この赤黒いのはどこから来ているんだろう?
流れてくる方を見ると女性が一人立っていた。
あの人…… 美奈子さんだ。
その足下から赤黒いぬらぬらとしたものが、まるで水が湧きだすようにこちらへ押し寄せてきている。
私は今度こそと思い、美奈子さんに駆け寄ろうとしたとき「ひいっ」というクラスメイトの声が聞こえた。
テーブルを囲んでいた子たちに、赤黒いものが足下から、まるで大きな蛇のように絡みついている。
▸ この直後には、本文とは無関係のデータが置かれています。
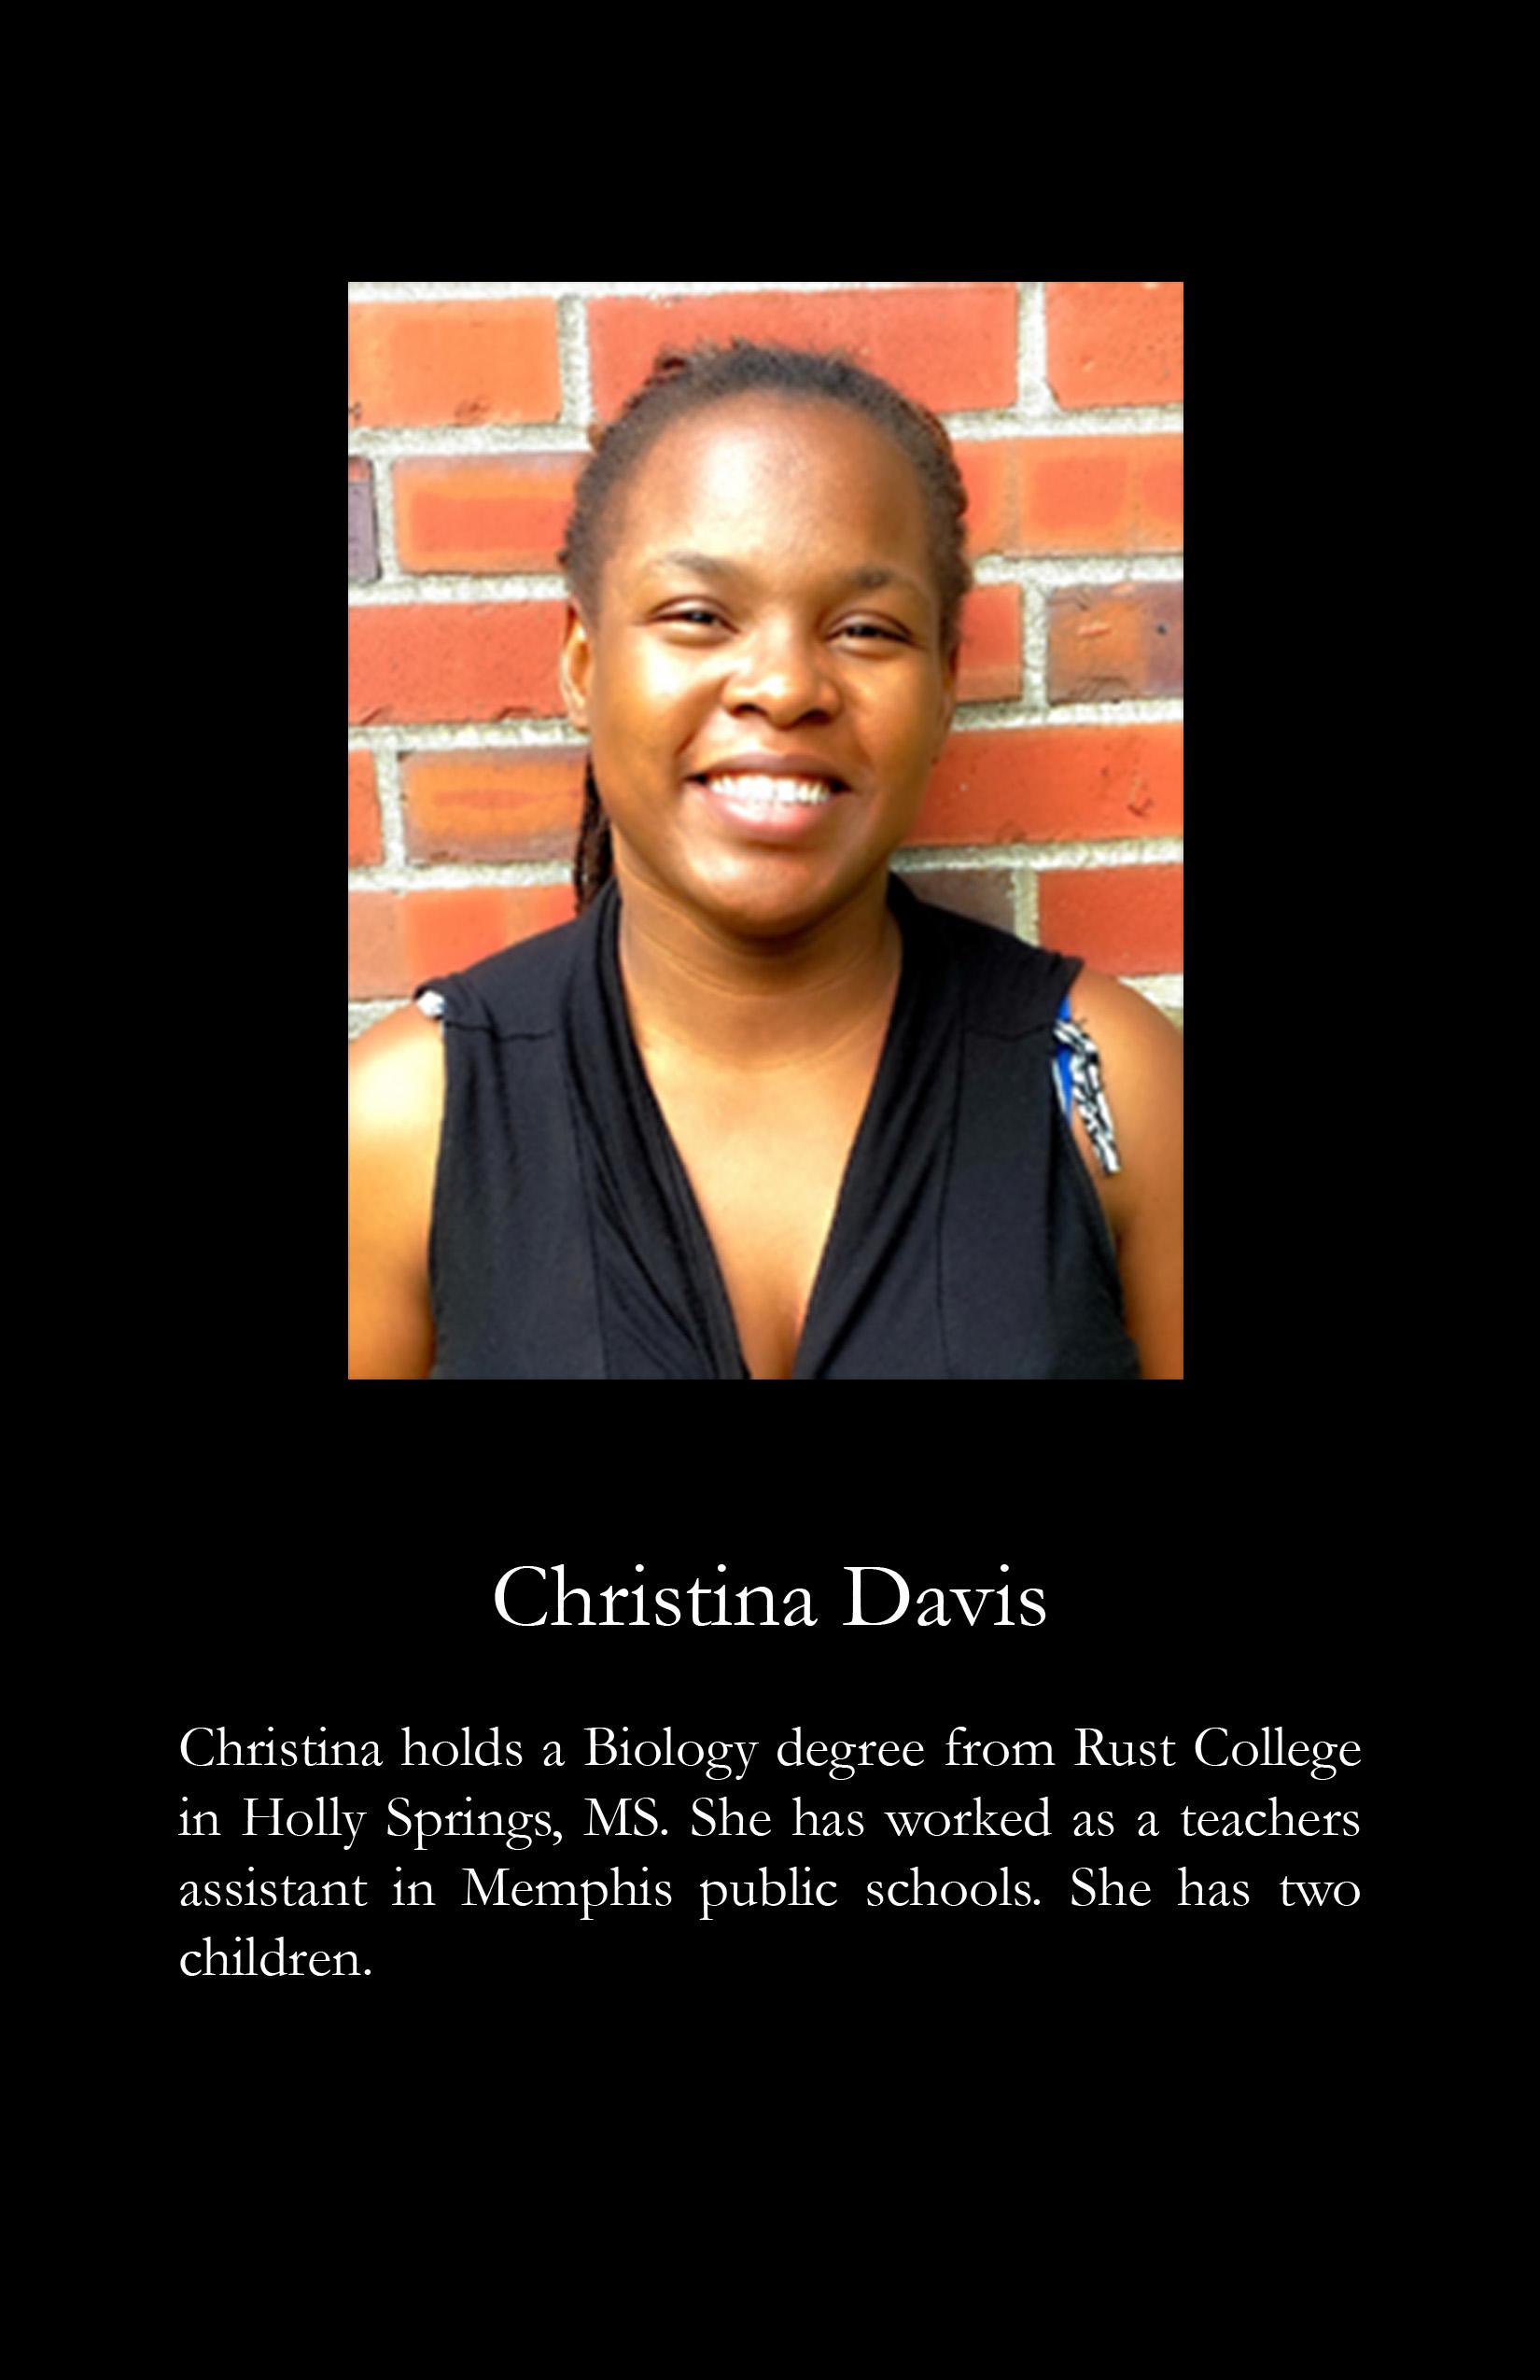 Christina Davis.jpg

「なにこれ?」「なんだ?変だぞ」さっきと違い、テーブルを囲んでいた子たちの声は戻っていた。
足下から上へ上へと赤黒いものが巻き付いてくる。
他のクラスメイトは首をかしげてその様子を見ている。
なにが起こっているのか見えていない風だ。
そのうちに、バキバキ……ゴキッ!と、いう聞いたこともない音がしたかと思うと、テーブルを囲んでいた子たちは一度聞いたら耳から離れないような絶叫を上げ続け、真っ赤な鮮血を目や鼻や耳、口から噴き出して絶命した。
次は店中に悲鳴が響き渡る。
みんなが無残な死体を見て我を失ったようにあらん限りの声を上げる。
地獄絵図…… 阿鼻叫喚とはまさにこのことだ。
私のクラスメイトを絞め殺した…… いや、握りつぶしたと言った方が良いかもしれない赤黒いものは死んだクラスメイトの体から離れると死体から血が噴き出した。赤黒いものは、今度は逆流するように一点へ流れていった。
その終着点に美奈子さんが一人佇んでいる。
私と視線が合うと、涼し気に微笑んだ。
私はなんだか呼ばれているような気がして、立ち上がるとふらふらと歩きだした。
周りではお客さんやクラスメイトの悲鳴や鳴き声が溢れているが、私にとってはもはや別世界の出来事のように感じられた。
今あるのは、私と美奈子さんを結ぶ直線。
美奈子さんに集まる赤黒いものと一緒に、私も歩みを進めた。
店内の陰気な空気はさっきまでとは比較にならないほど増大している。
周りには嘔吐までしている者もいる。
だが私は平気だった。
私と美奈子さんは、この不快で陰気な空気の真ん中にいた。
私に向かって美奈子さんが白く細い腕を指し伸ばしたとき、店の扉が風鈴を鳴らしながら開いた。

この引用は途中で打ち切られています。